Court of Session Inner House Second Division.

[Sheriff of the Lothians.

Tuesday, January 13. 1891.

28 SLR 262_1

Wood

v.

Cranston & Elliot and Others.

Subject_1Bankruptcy
Subject_2Notour Bankruptcy
Subject_3Pari passu Ranking
Subject_4Bankruptcy (Scotland) Act 1856 (19 and 20 Vict. c.79), sec.12 — Debtors (Scotland) Act 1880, sec. 6.
Facts:

Under the Debtors (Scotland) Act 1880, sec. 6, notour bankruptcy is constituted “by insolvency concurring with a duly executed charge for payment, followed by the expiry of the days of charge without payment.”

The Bankruptcy (Scotland) Act 1856, sec. 12 provides—“Arrestments and poindings which shall have been used within sixty days prior to the constitution of notour bankruptcy, of within four months thereafter, shall be ranked pari passu as if they had all been used of the same date,” … provided “that any creditor judicially producing in a process relative to the subject of such arrestment or poinding liquid grounds of debt or decree of payment within such periods shall be entitled to rank as if he had executed an arrestment or a poinding.”

A creditor charged his debtor on a decree under the Debts Recovery Act, and the charge expired without payment upon 7th February.
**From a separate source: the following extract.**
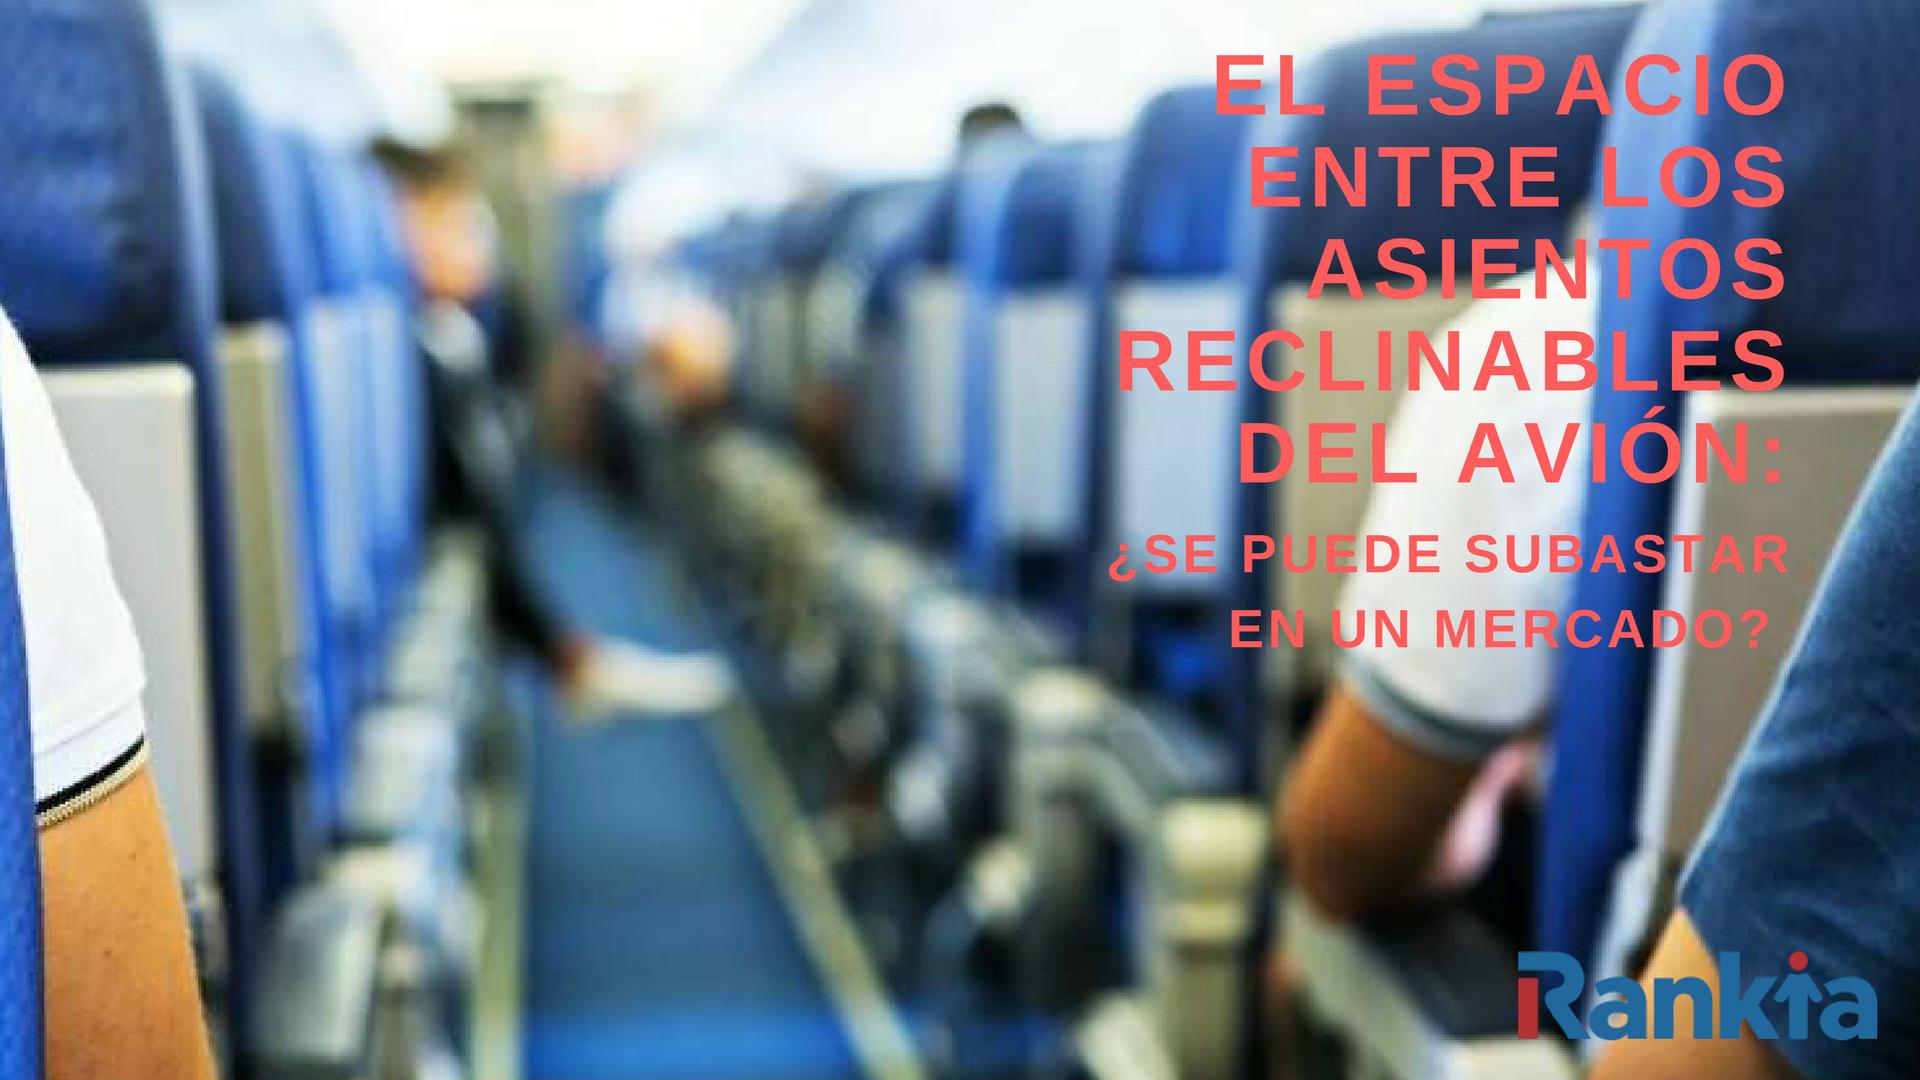 El espacio entre los asientos reclinables del avión: ¿Se puede subastar en un mercado?

He then poinded his debtor's goods, and carried through a sale of them upon 27th May. Upon 20th June following other creditors of the common debtor judicially produced liquid grounds of debt against him, but held that they were not entitled to a pari passu ranking, as the date of the notour bankruptcy was 7th February, and they had failed to produce their grounds of debt within four months thereof.

Headnote:

Under the Debtors (Scotland) Act 1880, sec. 6, notour bankruptcy is constituted “by insolvency concurring with a duly executed charge for payment, followed by the expiry of the days of charge without payment.”
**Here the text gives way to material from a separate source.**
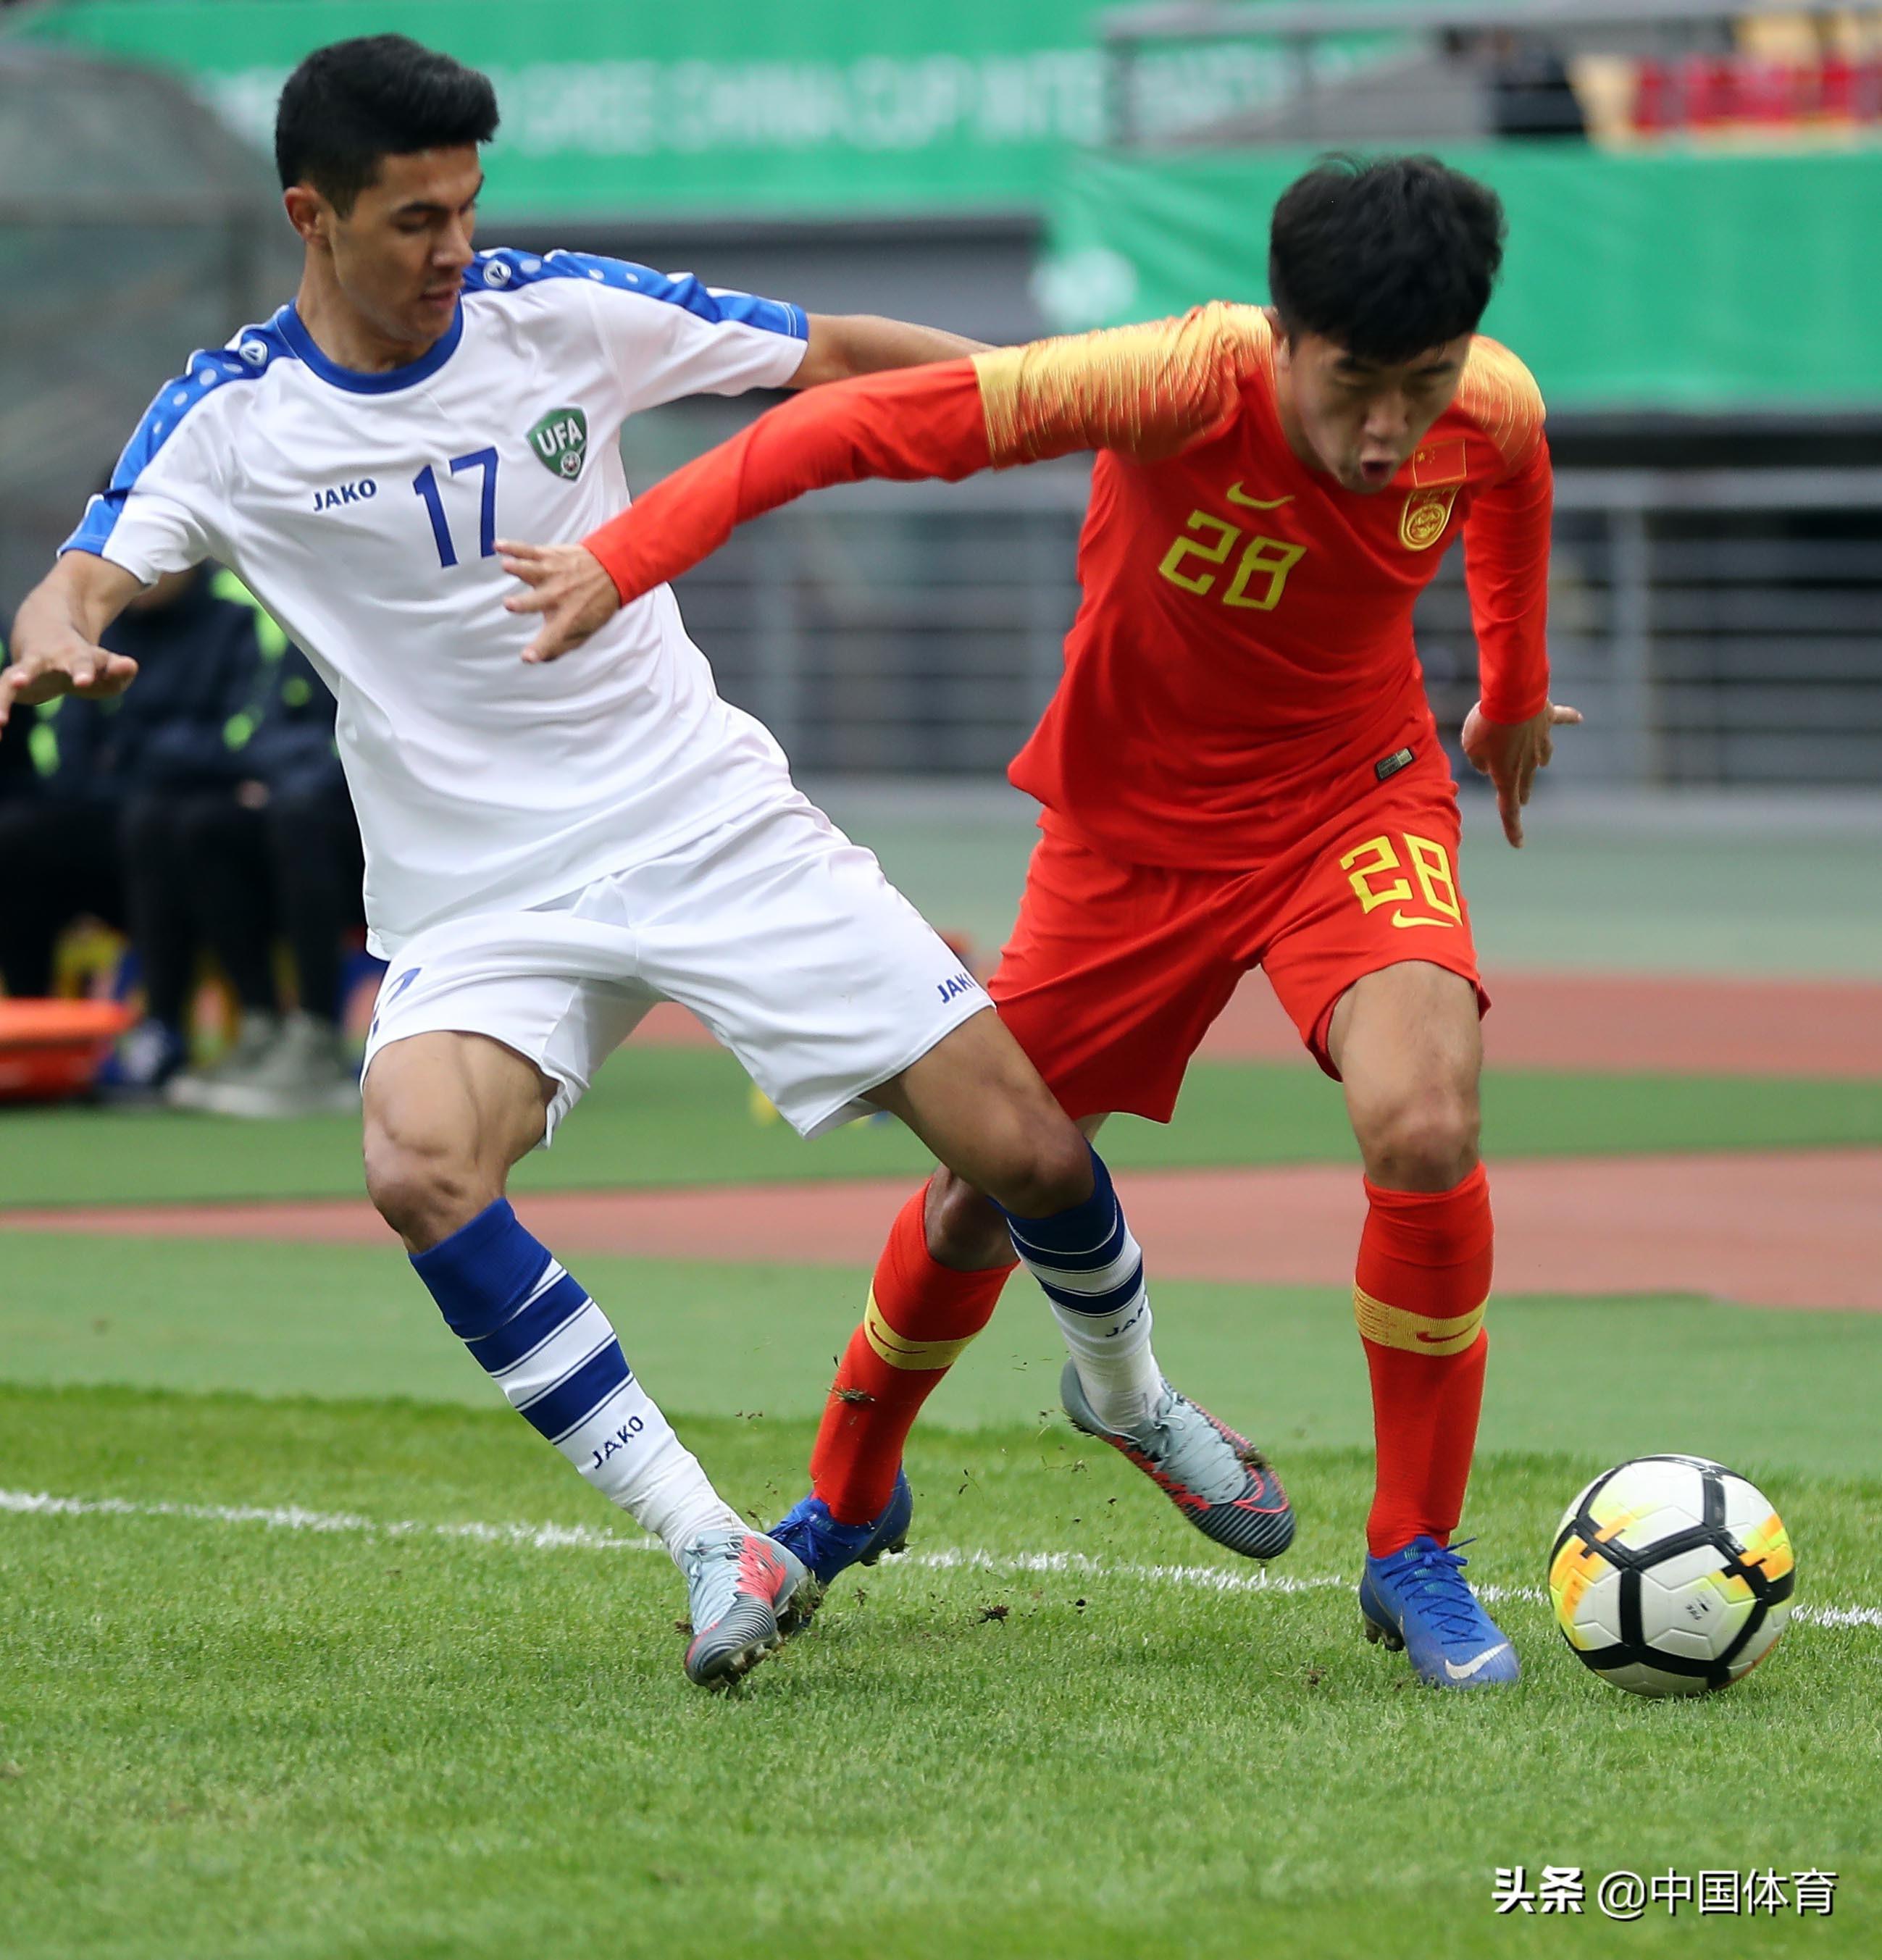 2019中国杯足球赛季军战 中国不敌对手名列第

The Bankruptcy (Scotland) Act 1856 (19 and 20 Vict. c. 79), provides, sec. 9—“Notour bankruptcy shall be held to commence from the time when its several requisites concur, and when it has once been constituted shall continue in case of a sequestration till the debtor shall obtain his discharge, and in other cases until

Page: 263

insolvency cease, without prejudice to notour bankruptcy being anew constituted within such period.” Sec. 12—“Arrestments and poindings which shall have been used within sixty days prior to the constitution of notour bankruptcy, or within four months thereafter, shall be ranked pari passu as if they had all been used of the same date;” … “that any creditor judicially producing in a process relative to the subject of such arrestment or poinding liquid grounds of debt or decree of payment within such period shall be entitled to rank as if he had executed an arrestment or a poinding.” …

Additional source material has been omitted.